The farmers felt that an MSU could provide a useful service for Orkney and could be organised to tie in reasonably effectively with the local Mart. A number of points were made, including:

  • A service to meet private kill demand for Orkney could be around 15 cattle per week (plus a number of sheep).
  • There are 5 butchers, 2 with good-sized storage facilities.
  • There are 3 prime sales per month, and this could perhaps be organised fortnightly, these being the best point in time for the MSU to be on-site at the mart, perhaps staying for 2 – 3 days.
  • The auction mart was discussed as the most viable docking station location.
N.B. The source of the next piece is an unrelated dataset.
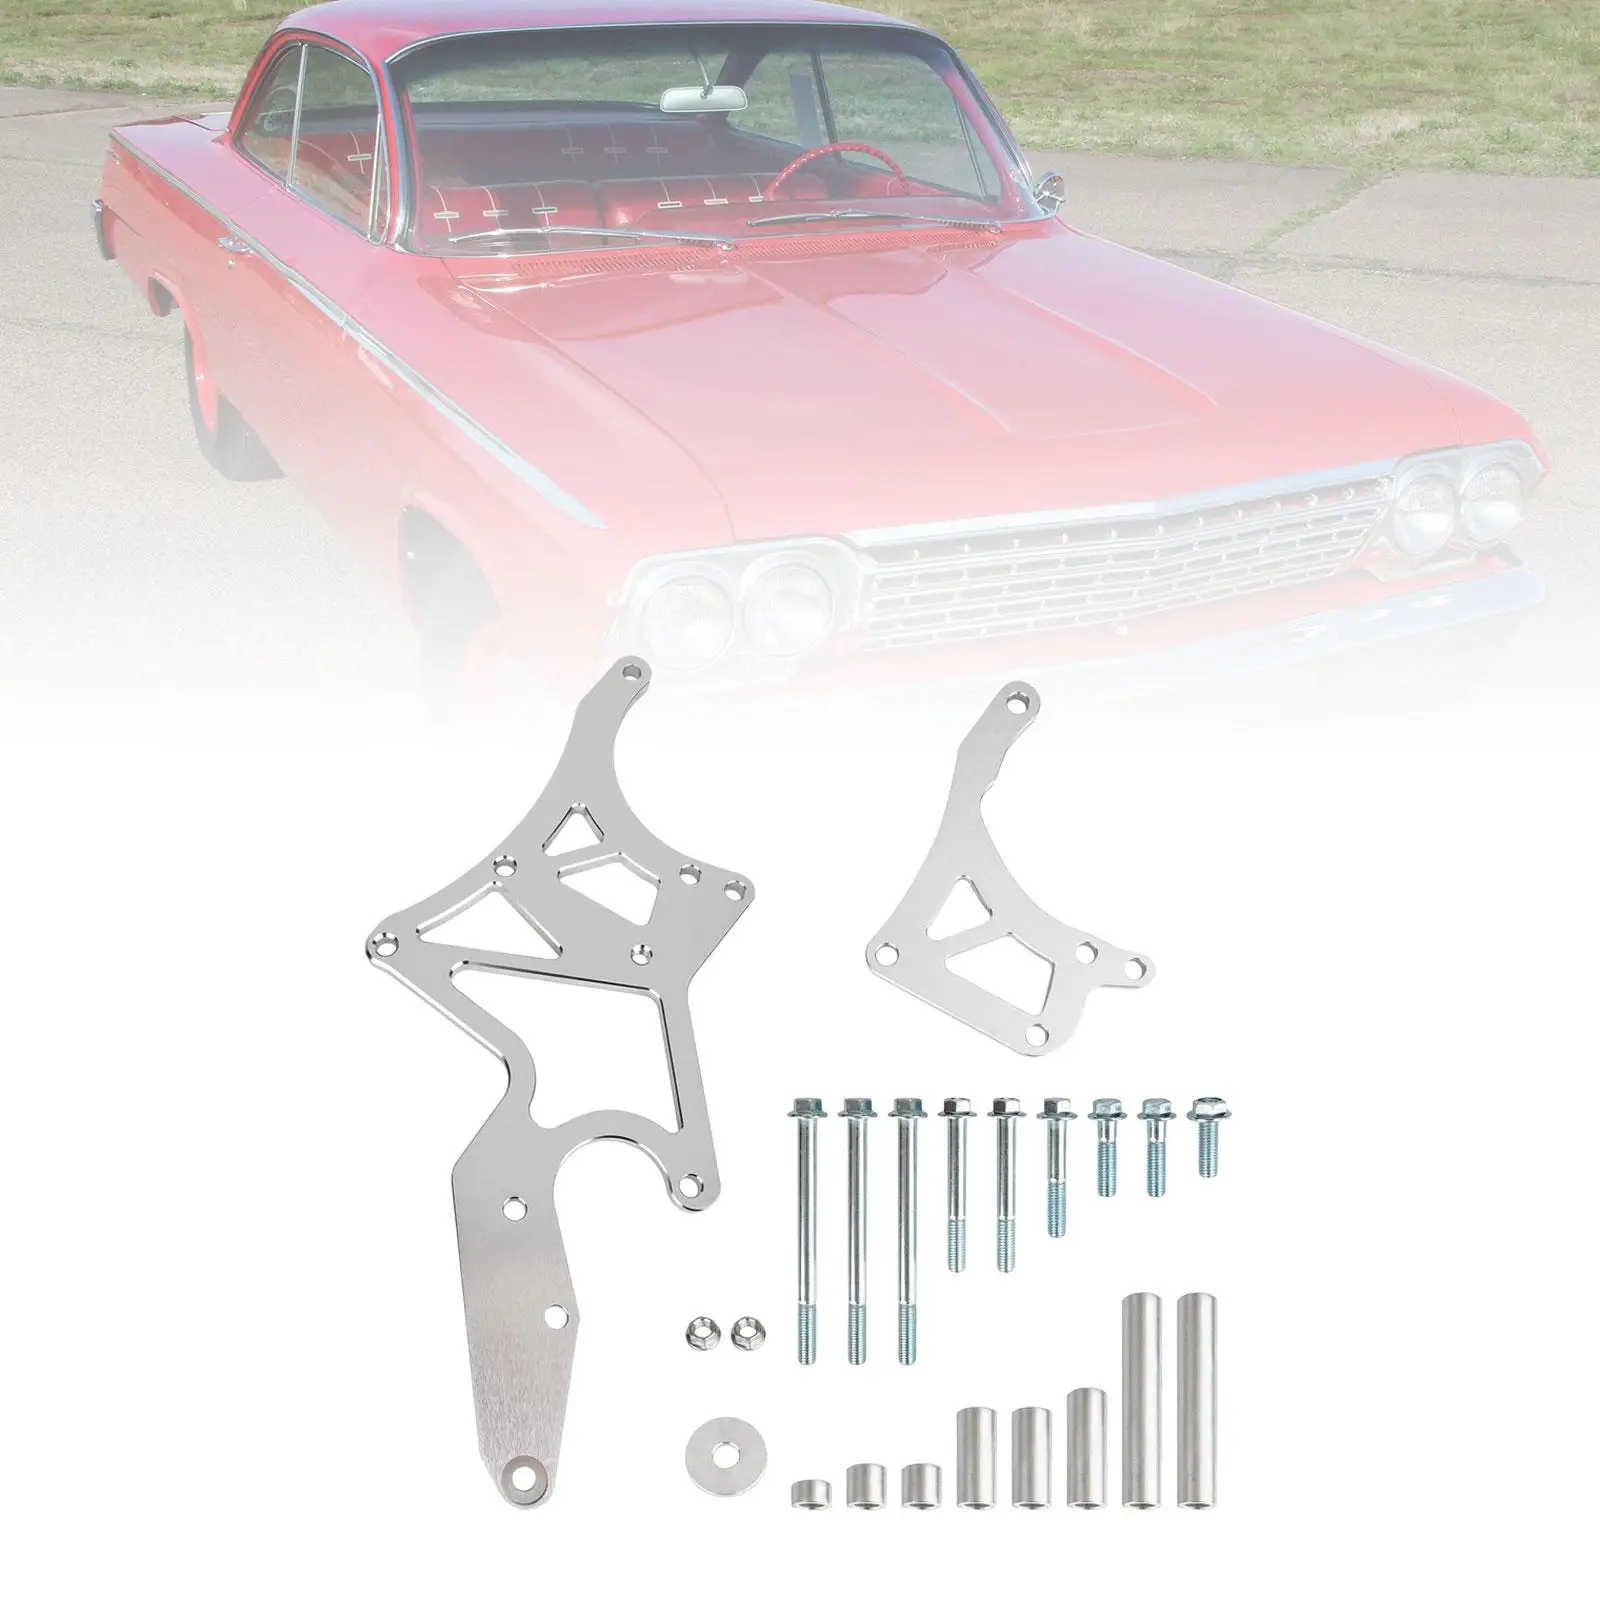 Serpentine Bracket Easy to Install Alternator Power Steering Pump Swap Conversion for Chevrolet Engines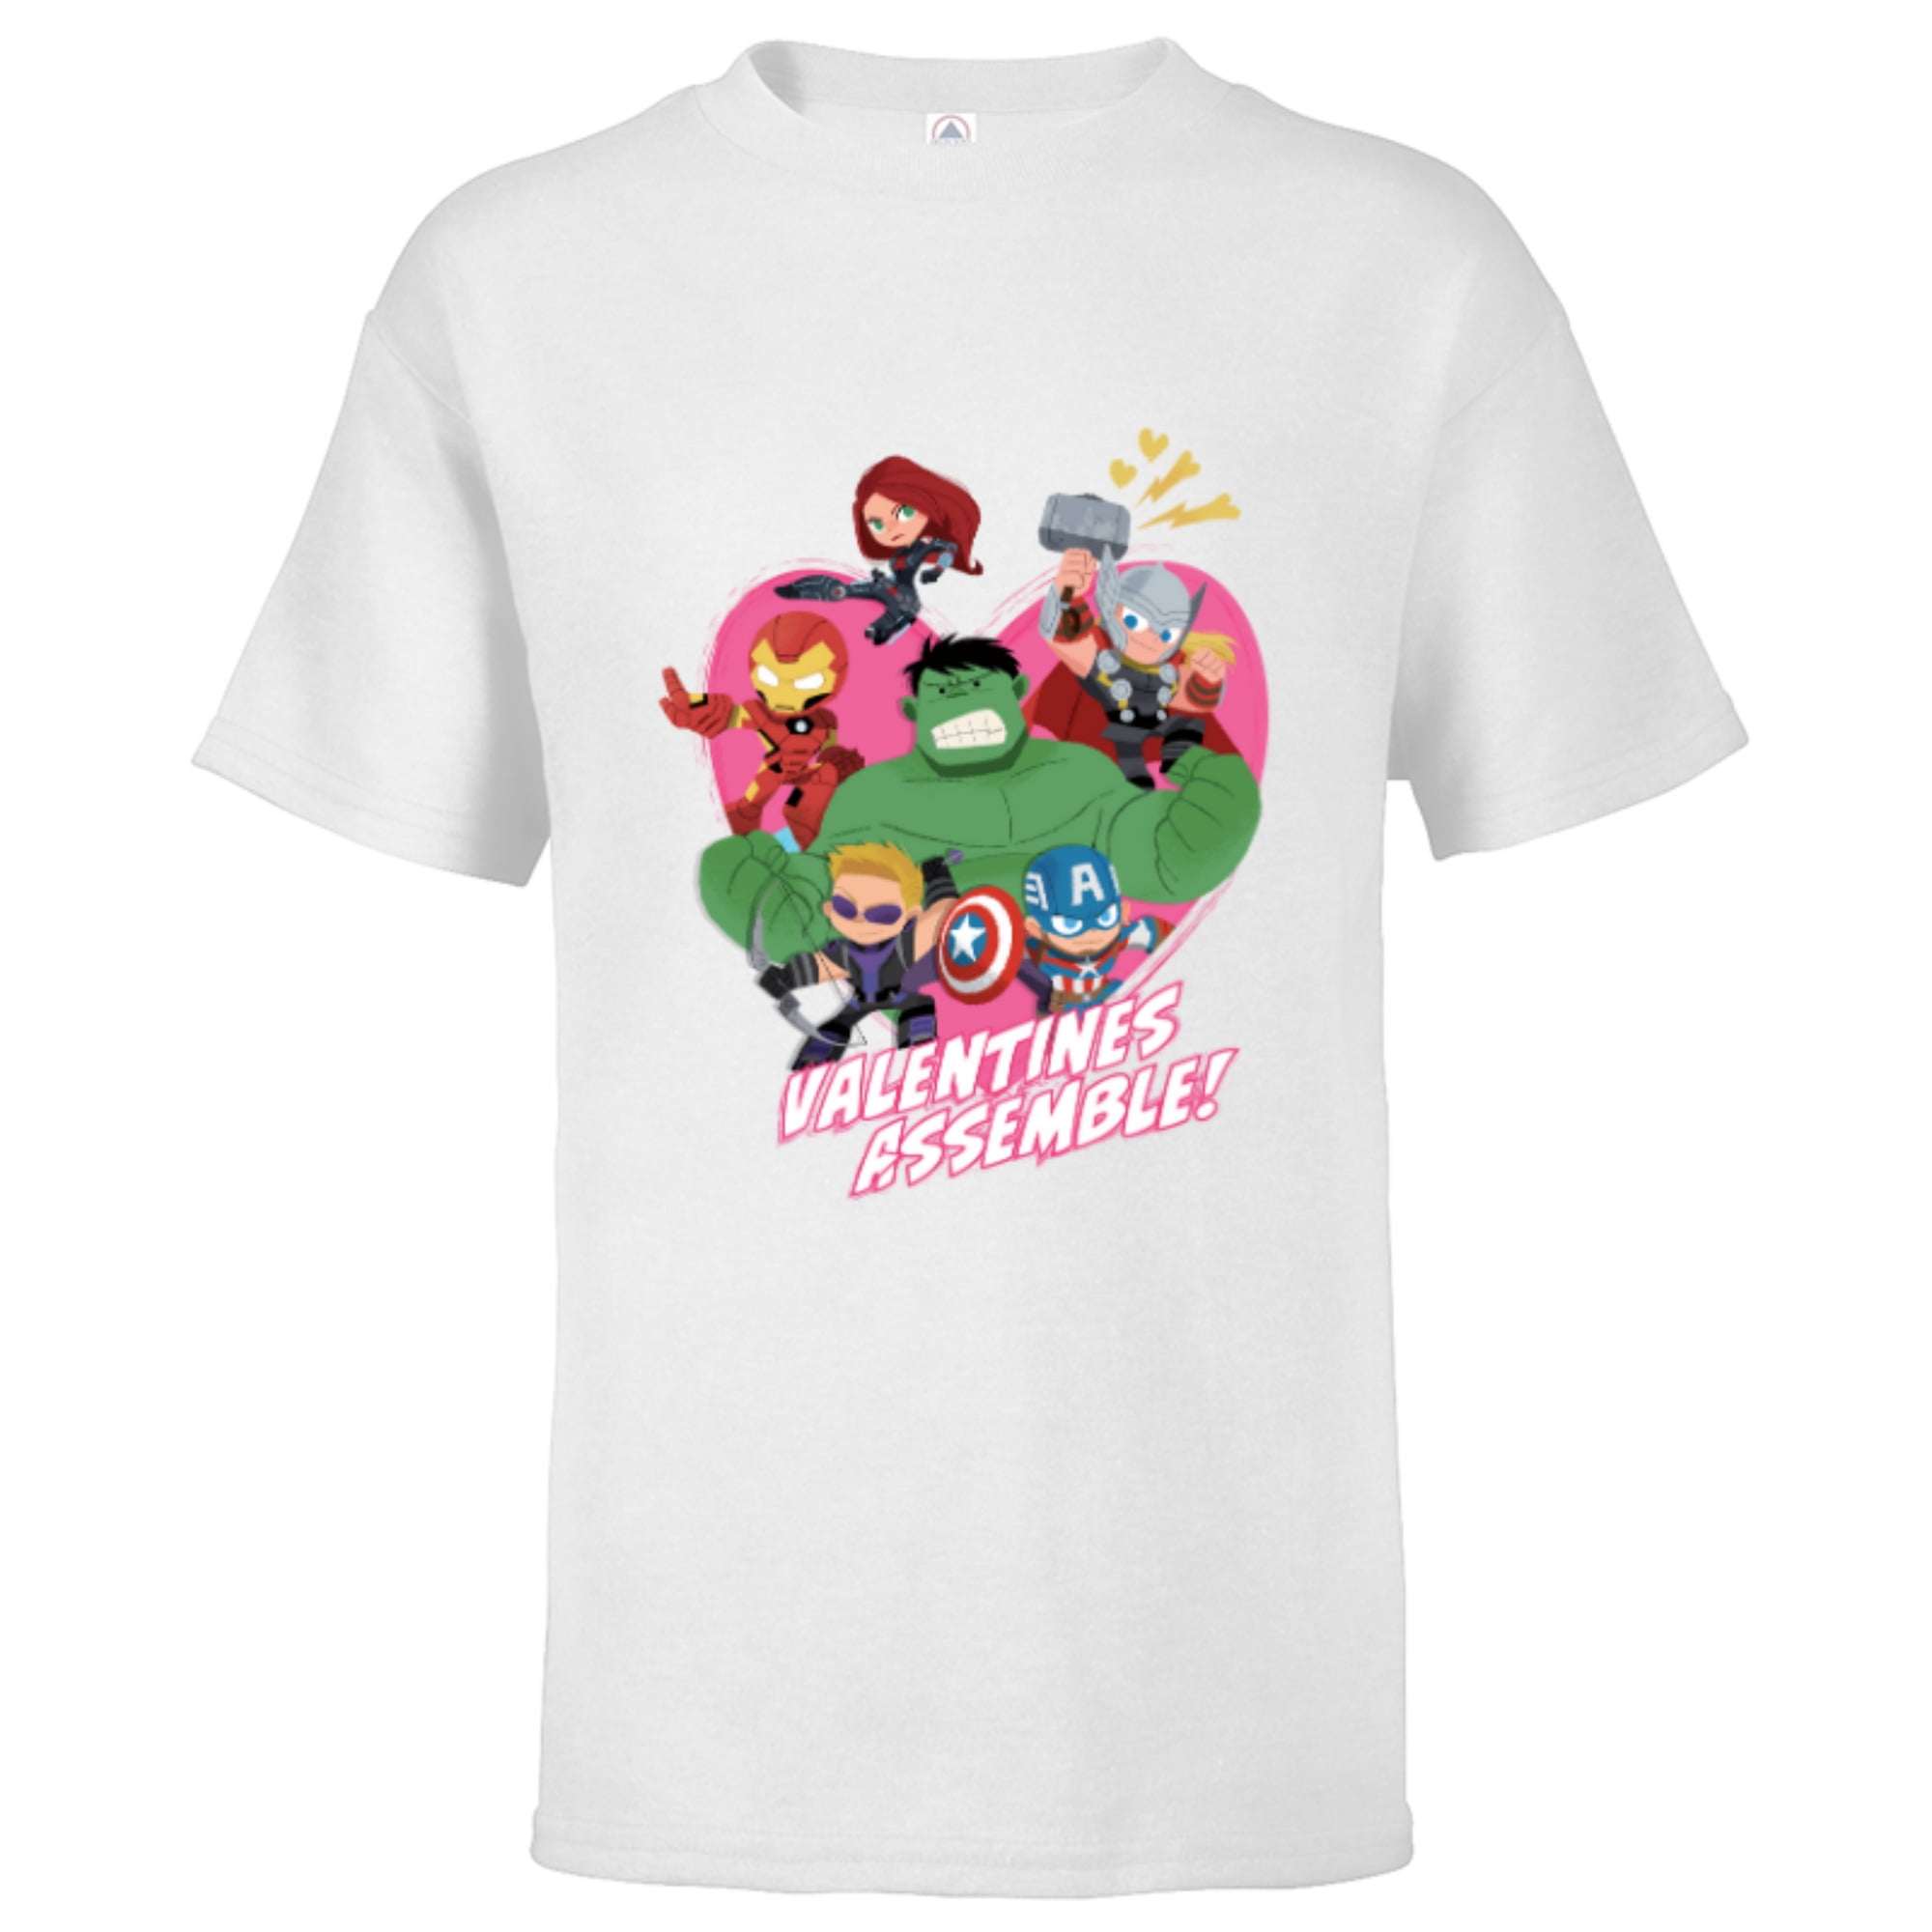 Marvel Avengers Valentine's Assemble - Short Sleeve T-Shirt for Kids -  Customized-Soft Pink

This would need chill facilities, and there was likely to be interest in discussing this.
  • It was mentioned that the local butchers were asked to participate in new abattoir infrastructure, but there was little interest.
  • Rare breed sheep is being sent from North Ronaldsay to Shetland at the moment for private kill.

5.5 Auction Marts

5.5.1 Overview

Three auction marts were contacted:

  • United Auctions (UA)
  • Aberdeen and Northern Marts (ANM)
  • Orkney Auction Mart

It is understood that ANM’s mart in Wick, Caithness, has auction sales on a Monday from August to November, with another three sales in the springtime (April). In addition to this there are weekly collections of animals throughout the year, for transport to the ANM Thainstone facility (near Aberdeen) for sale. This may be potentially significant in terms of an MSU operating model – there may be an opportunity to locate at sites where animals are gathered and sold. However, no responses from the above marts were provided with regards to questions asked about this.

5.5.2 Orkney Auction Mart

  • The Mart is extremely supportive of the MSU idea for Orkney, operating with the mart as a docking station with chill facilties – “definitely a very good idea.”
  • The butchers do not want to provide/manage abattoir infrastructure themdselves, so it needs someone to run with this.
  • The Orkney abattoir, just before closing, was being charged £56,000 per annum for the disposal of waste to Dundas in Dumfries and Galloway. Need to think about costs such as this. Having a local facility to take such waste would be a great development.
  • Although only operating part-time, for rates, the former abattoir was being charged the full rate of £60,000 per annum. This, plus the waste cost were major impacts on its viability.
  • 14,000 store catttle being sold from Orkney per annum.
  • There are around 12 to 15 farmers who finish on the island, and the local kill requirement may be circa 750 cattle per annum and the same for lambs[24]. At the moment there are significnt costs in getting meat from Dingwall back to Orkney for it to be sold under the Orkney brand (£200 per head, for the carcase to return).
  • Farmers are happy with the Dingwall service, but the Orkney Meat brand is important to those mentioned above.
  • Chill space is considered to be a challenge for most of the Orkney butchers and therefore having this at the mart, along with its lairage facilities would be considered a signficant benefit.

5.6 Ad Hoc Farmer Engagement

A number of farmers wanted to follow up on news and information read/received about the mobile abattoir feasibility study, and a summary of their thoughts and views is provided in Appendix 2. In general, the farmers were supportive of a MSU service.